3. Against this finding of fact, the assessee preferred an appeal before the Income-tax Appellate Tribunal, who, after examining the documents in detail, found, that no infirmity can be attributed to the order of the Assessing Officer from the Commissioner of Income-tax (Appeals). Thus, the contention of the assessee was rejected.

4. Learned counsel, appearing for the assessee placing reliance on the decision of the Supreme Court reported in Baladin Ram v. CIT : [1969]71ITR427(SC) and the decisions of the Mumbai and Allahabad High Courts reported in CIT v. Bhaichand H. Gandhi : [1983]141ITR67(Bom) and Sundar Lal Jain v. CIT : [1979]117ITR316(All) , respectively, contended, that Section 68 of the Act can be invoked only, when, the books of account of the assessee show the cash entry and not otherwise.

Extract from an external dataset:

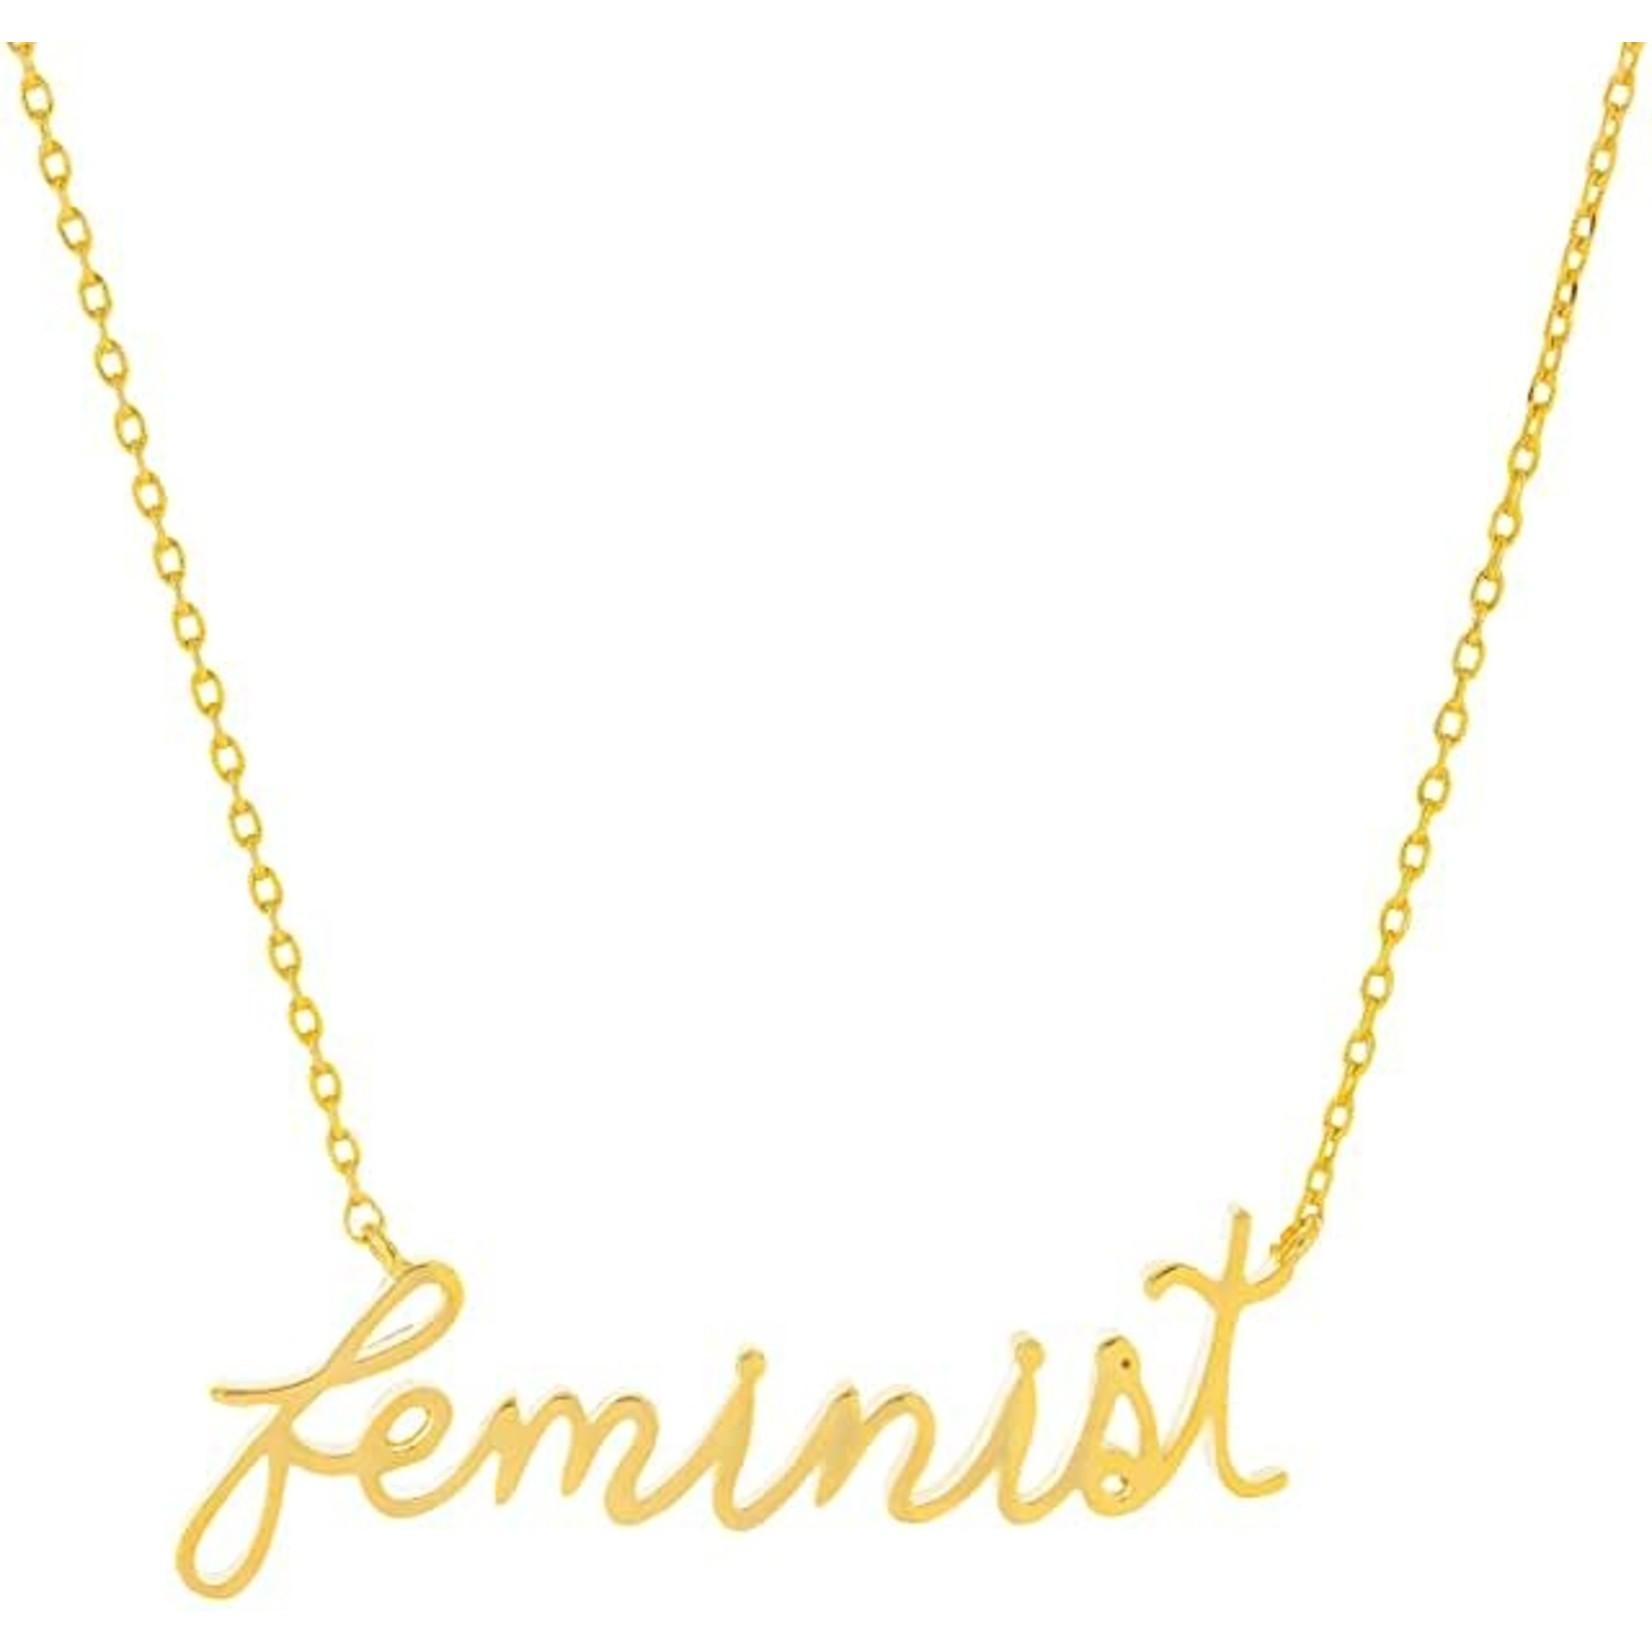 "Necklace - Feminist (Cursive) Gold Tone 16""+2"" Extender"
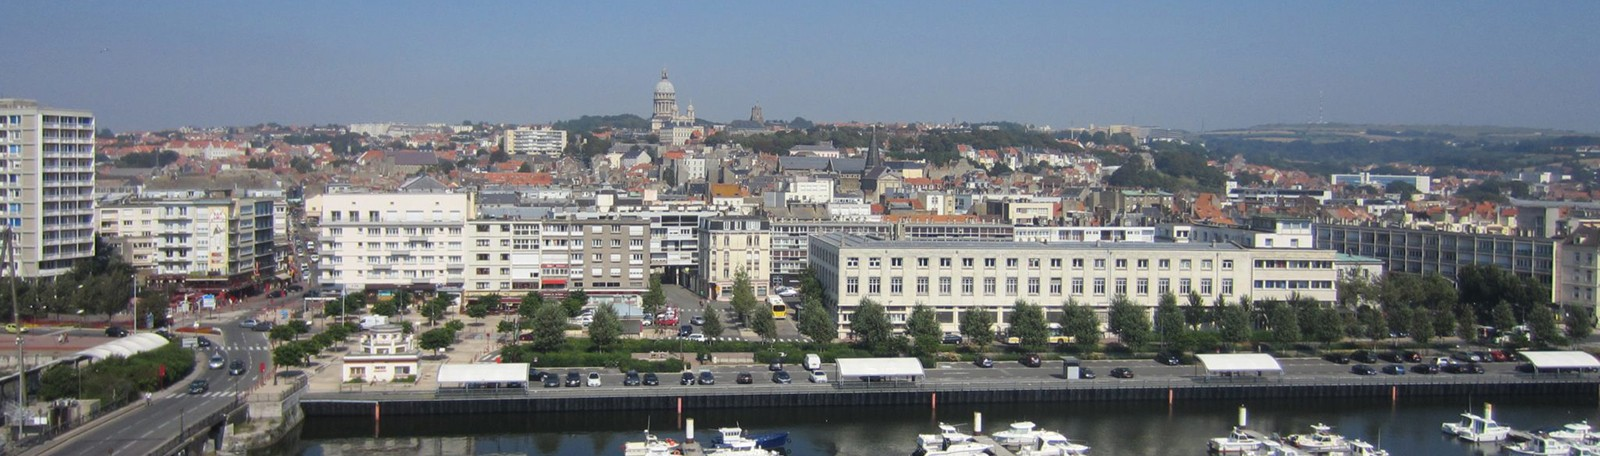 Stationner à Boulogne-sur-Mer Adolphe Herry

5. We are afraid, such a narrow and restricted interpretation of the provisions, contained in Section 68 was advanced by learned counsel for the appellant/assessee, cannot be accepted. If the liability shown in the said account, which, is found to be bogus and in the absence of any plausible and reasonable explanation offered by the assessee, then, certainly, the amount can be added towards the income of assessee and brought to tax in the hands of the assessee.

6. The reliance placed on the decisions, in our considered opinion, do not apply to the facts and circumstances of the case and are distinguishable.

7. In view of the above discussions, we find no substance and merit in this appeal, as no substantial questions of law is involved which requires answer by this court.

8. Consequently, the appeal fails and, is, accordingly, dismissed.